Как видите, это вовсе не случайность, что мы только сейчас приступили к анализу «Заратустры», нам понадобилось все знание психологии, чтобы понять, что же это на самом деле означает. Вторую часть «Фауста» тоже никто не понял. Понадобилась длинная и мучительная подготовка, чтобы проникнуть в его суть — пророческую, по большей части. А тут нам понадобился опыт воины и послевоенных социальных и политических явлений, чтобы проникнуть в смысл того, что означает «Заратустра». Итак, если бы Ницше не осознавал того, что он делает, вот тогда у него был бы шанс спуститься вниз на Землю. О Ницше-человеке сказать особенно нечего, потому что его лишили всего, он жил всецело ради того, чтобы Заратустра мог говорить, а собственная жизнь Ницше была предельно бедна и обездолена: несчастное существование больного невротика в пансионатах Ривьеры и Энгадина, и наконец в Турине он уже навсегда попал в объятия дьявола.

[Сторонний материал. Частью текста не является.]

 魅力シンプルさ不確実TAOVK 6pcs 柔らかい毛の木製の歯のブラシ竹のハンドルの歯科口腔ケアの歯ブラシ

Вот тут есть дополнение мисс Корнфорд: «Заратустра является как танцовщик, что диаметрально противоположно христианскому монаху. Вместо того, чтобы «умерщвлять плоть, как учат монахов, он живет в теле, осознает тело и пользуется им. В то время как аскет подобен железному камню, неподвижно стоящему в потоке воды, танцовщик подобен растению, которое отзывается на каждое движение воды. Поэтому вполне естественно, что проповедник новой религии явился как танцовщик, ведь он принес движение в противовес ригидности».

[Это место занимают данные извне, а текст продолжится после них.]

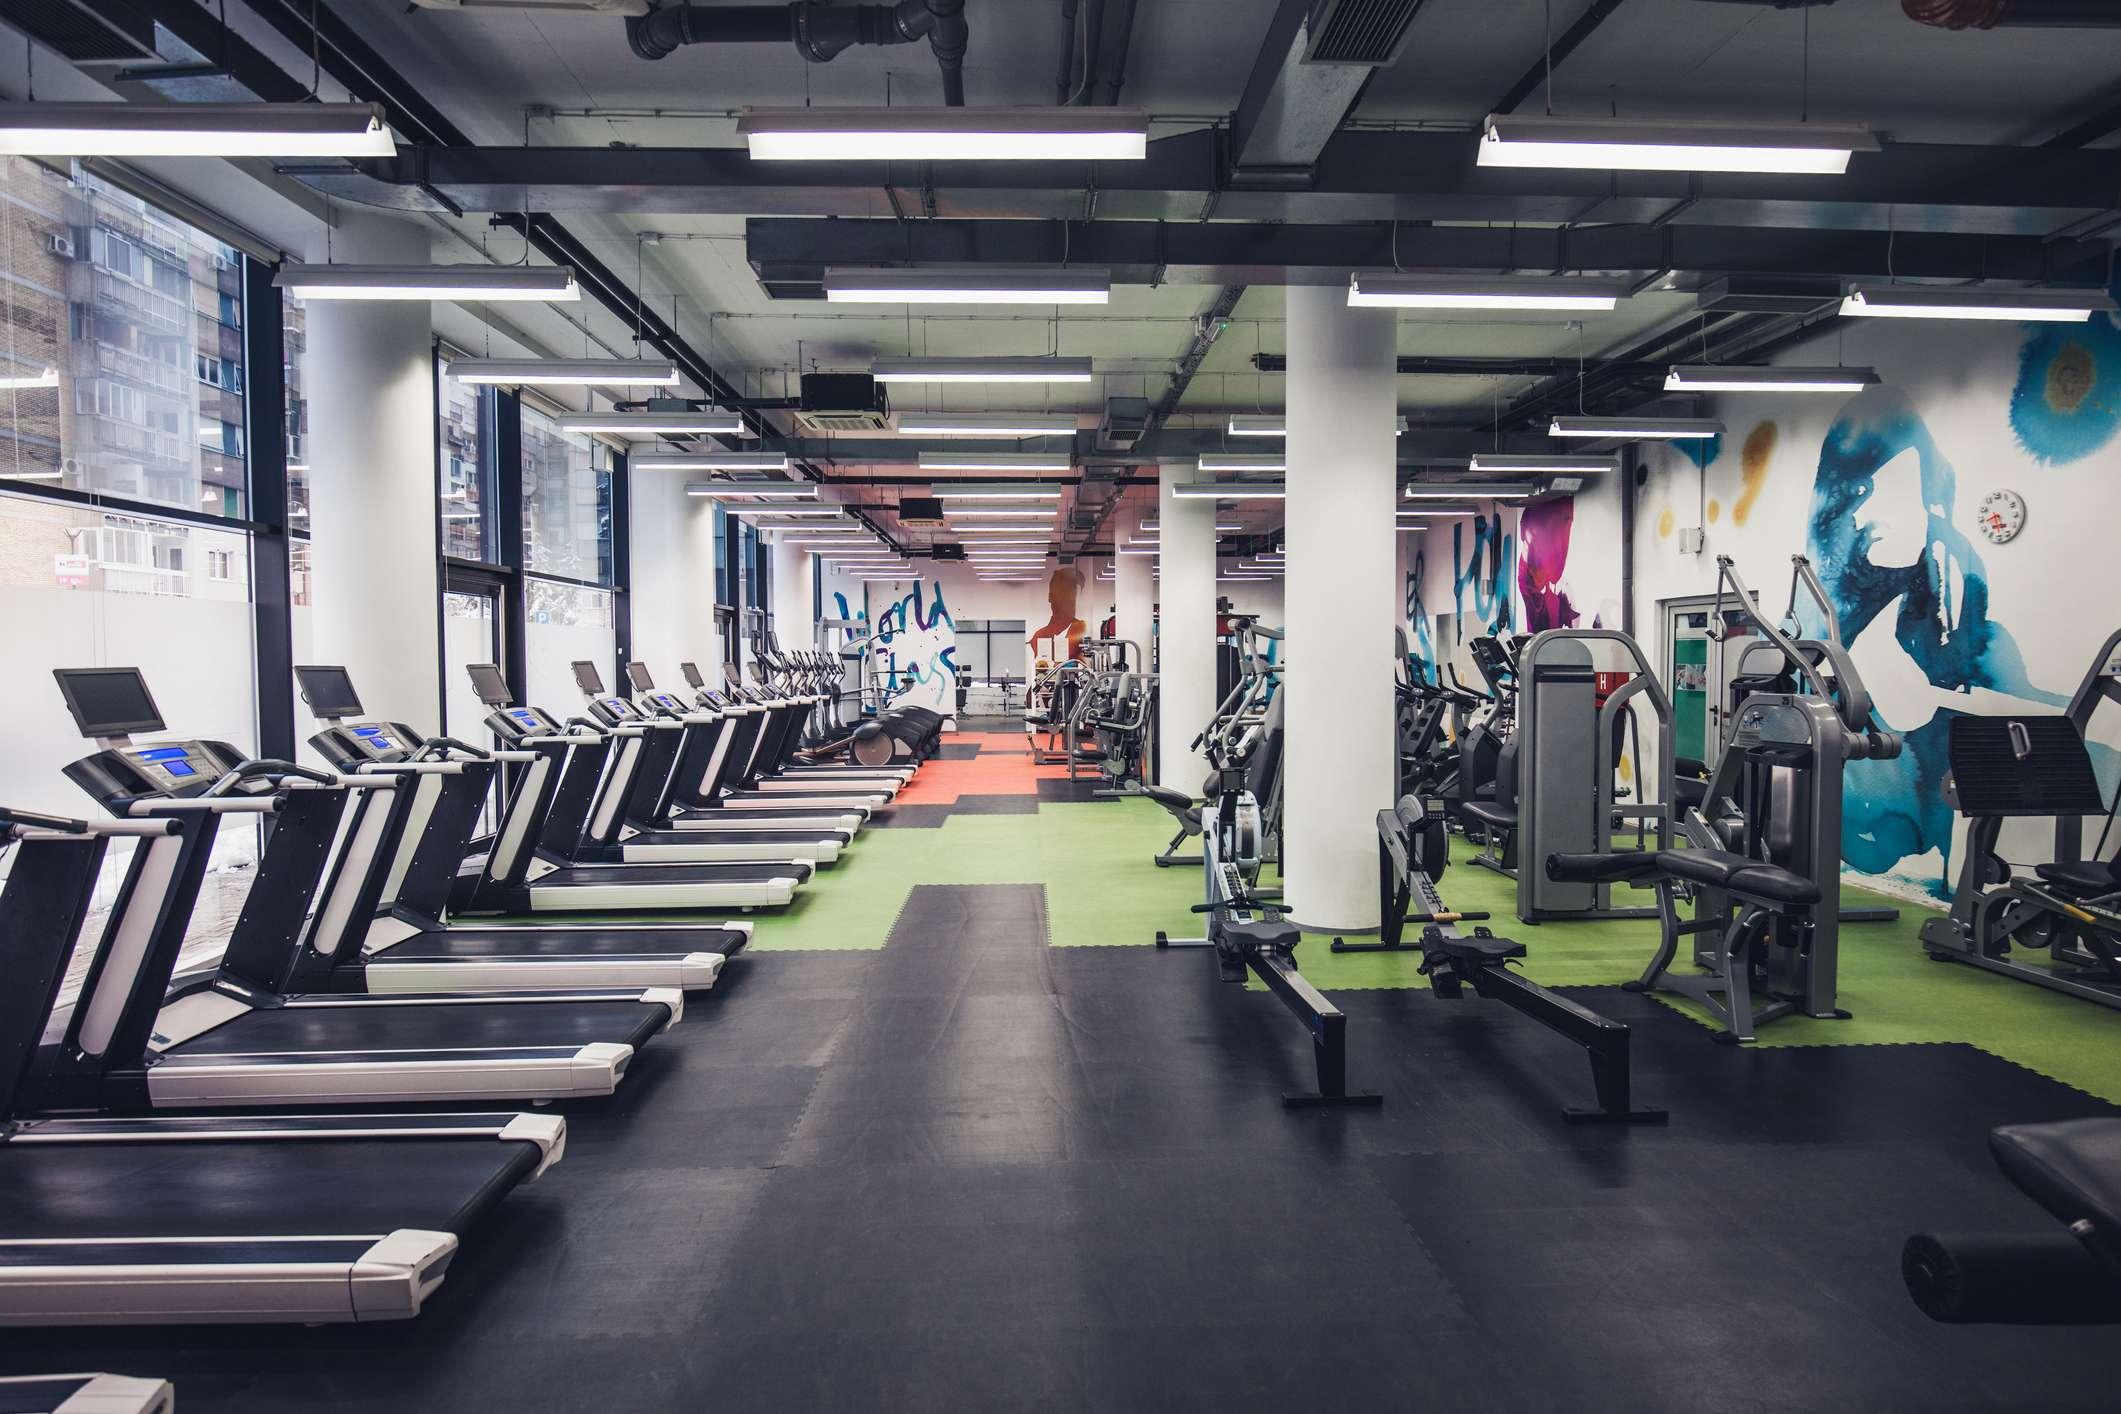 Будут ли закрыты фитнес клубы в москве ночной клуб фараон барнаула

Да, движение в противовес ригидности — это еще одна оппозиция, пара противоположностей, играющая свою роль. Здесь множество таких побочных линий, но это уведет нас слишком далеко.
Еще есть вопрос мисс Ханна: «Я всегда считала, что Самость — это своего рода объективный, хотя и индивидуальный бог, которого я надеялась в себе обнаружить; но когда вы говорите – «создайте нечто, что лежит вне нас» ( Я должен заметить, что это не я так сказал, а Заратустра: я никогда бы не осмелился от своего лица выдать такую формулировку), вы подразумеваете Самость? И если да, то это достигается через перерождение? А в ходе перерождения мы подвергаем себя природным процессам по своей воле или это куда более активный процесс?»
Что вы имеете в виду под «более активным процессом?»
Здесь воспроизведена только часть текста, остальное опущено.